The principle from Elias prohibits treating the lower maximum as a mitigating factor or effective ceiling. It does not prevent a judge from taking into account the actual objective gravity of the conduct, including its duration, sophistication and effect on the administration of justice. Nor does it prevent the judge expressing a view, before plea, about the appropriateness of the charge. The precedent is not confined to Victoria; as a statement of common law sentencing principle by the High Court it applies nationally, subject only to any contrary statutory regime.
The fact pattern will not trigger the precedent where the alternative offence could not as a matter of law have been charged on the admitted facts (for example, jurisdictional defects or missing elements). The Court left open the precise availability of the Commonwealth and accessory charges on these facts but held it unnecessary to decide the point.

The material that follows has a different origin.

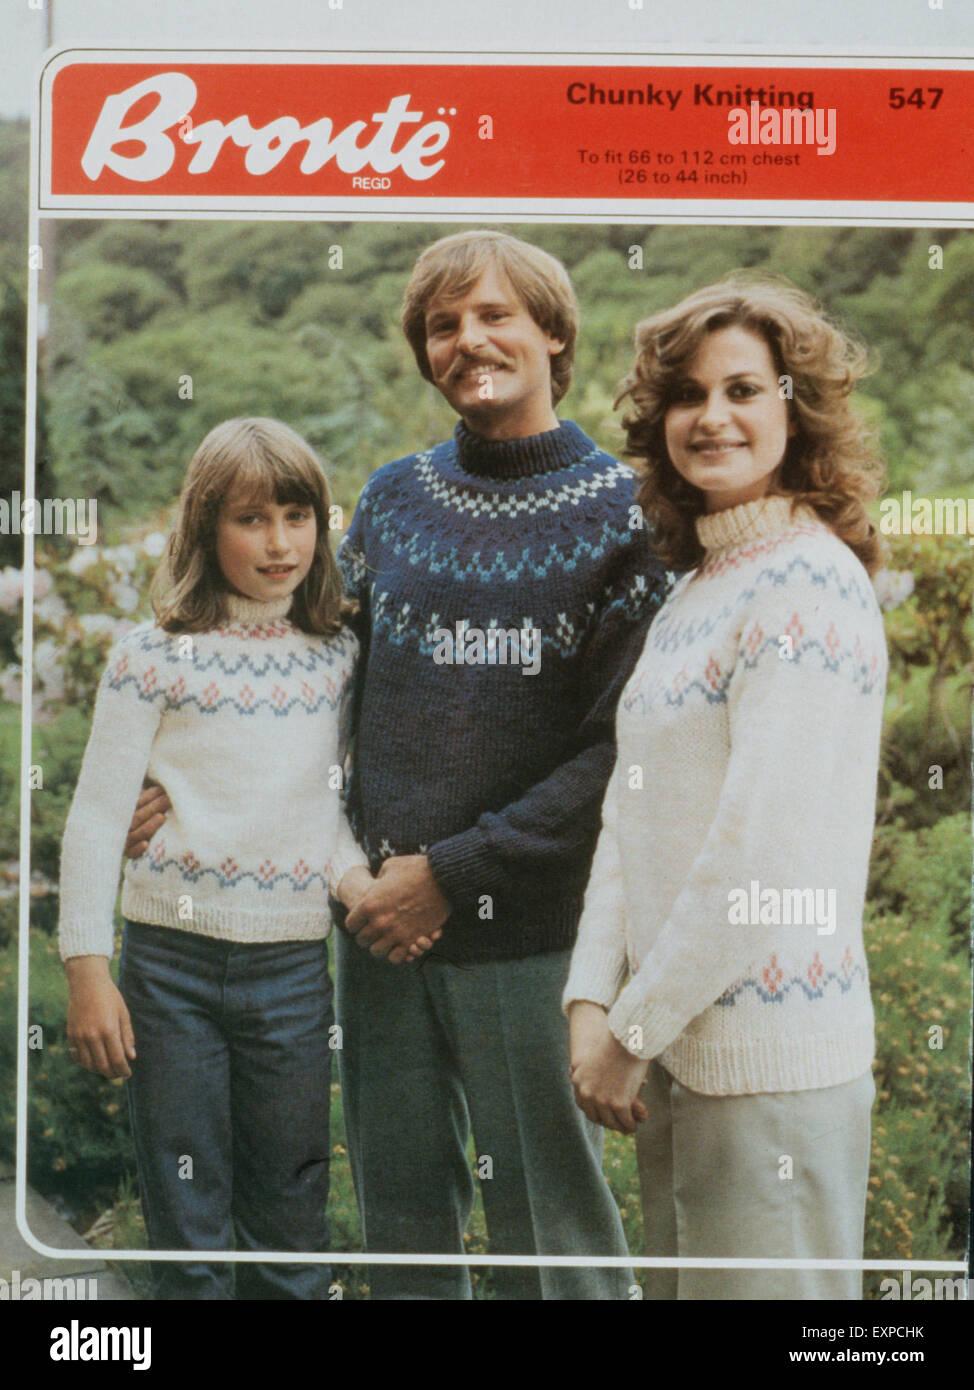 1970s UK Bronte Knitting Patterns Stock Photo: 85315375 - Alamy

How later courts have treated it
Although the judgment itself does not cite post-2013 authority, its reasoning has been applied by intermediate courts to reject attempts to resuscitate the Liang principle. The High Court having declared that the principle is not part of the common law, later courts have treated Liang and its Victorian progeny (Young, Vellinos, McEachran) as overtaken. The statutory construction of s 5(2)(a) and (g) of the Sentencing Act 1991 (Vic) adopted in Elias has been followed so that only the maximum for the offence before the court is treated as the yardstick. Courts have cited the separation-of-powers passages from Maxwell v The Queen (as adopted in Elias) to decline invitations to sentence by reference to uncharged alternatives. The emphasis on sentencing for the offence of conviction, rather than for the underlying conduct divorced from its legal characterisation, has reinforced the primacy of the charged offence's maximum penalty and current sentencing practices for that offence.
Still-open questions
The judgment leaves several issues unresolved. First, the precise limits of judicial comment on charging decisions before plea remain open. While a court may express a view, the weight to be given to that view and the circumstances in which it is appropriate to do so are not exhaustively stated. Second, the interaction between the Elias principle and prosecutorial guidelines or prosecution policies that expressly require consideration of the least serious offence capable of reflecting the criminality is not addressed. Third, the position where the prosecution concedes that a lesser charge would have been more appropriate (as occurred to some extent in the Pantazis sentencing hearing) is not determined; the Court noted the prosecutor's acceptance that the accessory offence could have been charged but did not explore whether that concession altered the analysis. Fourth, the availability of abuse-of-process relief where a prosecutor selects a charge known to be disproportionate for an improper collateral purpose is preserved but not explored in detail. Finally, the judgment does not consider whether, in jurisdictions with different statutory sentencing regimes that expressly permit regard to "all the circumstances of the case", a differently worded provision might permit reference to alternative maxima. These questions will require future litigation, but the core proposition that sentencing occurs for the offence of conviction, not for an uncharged alternative, is now settled.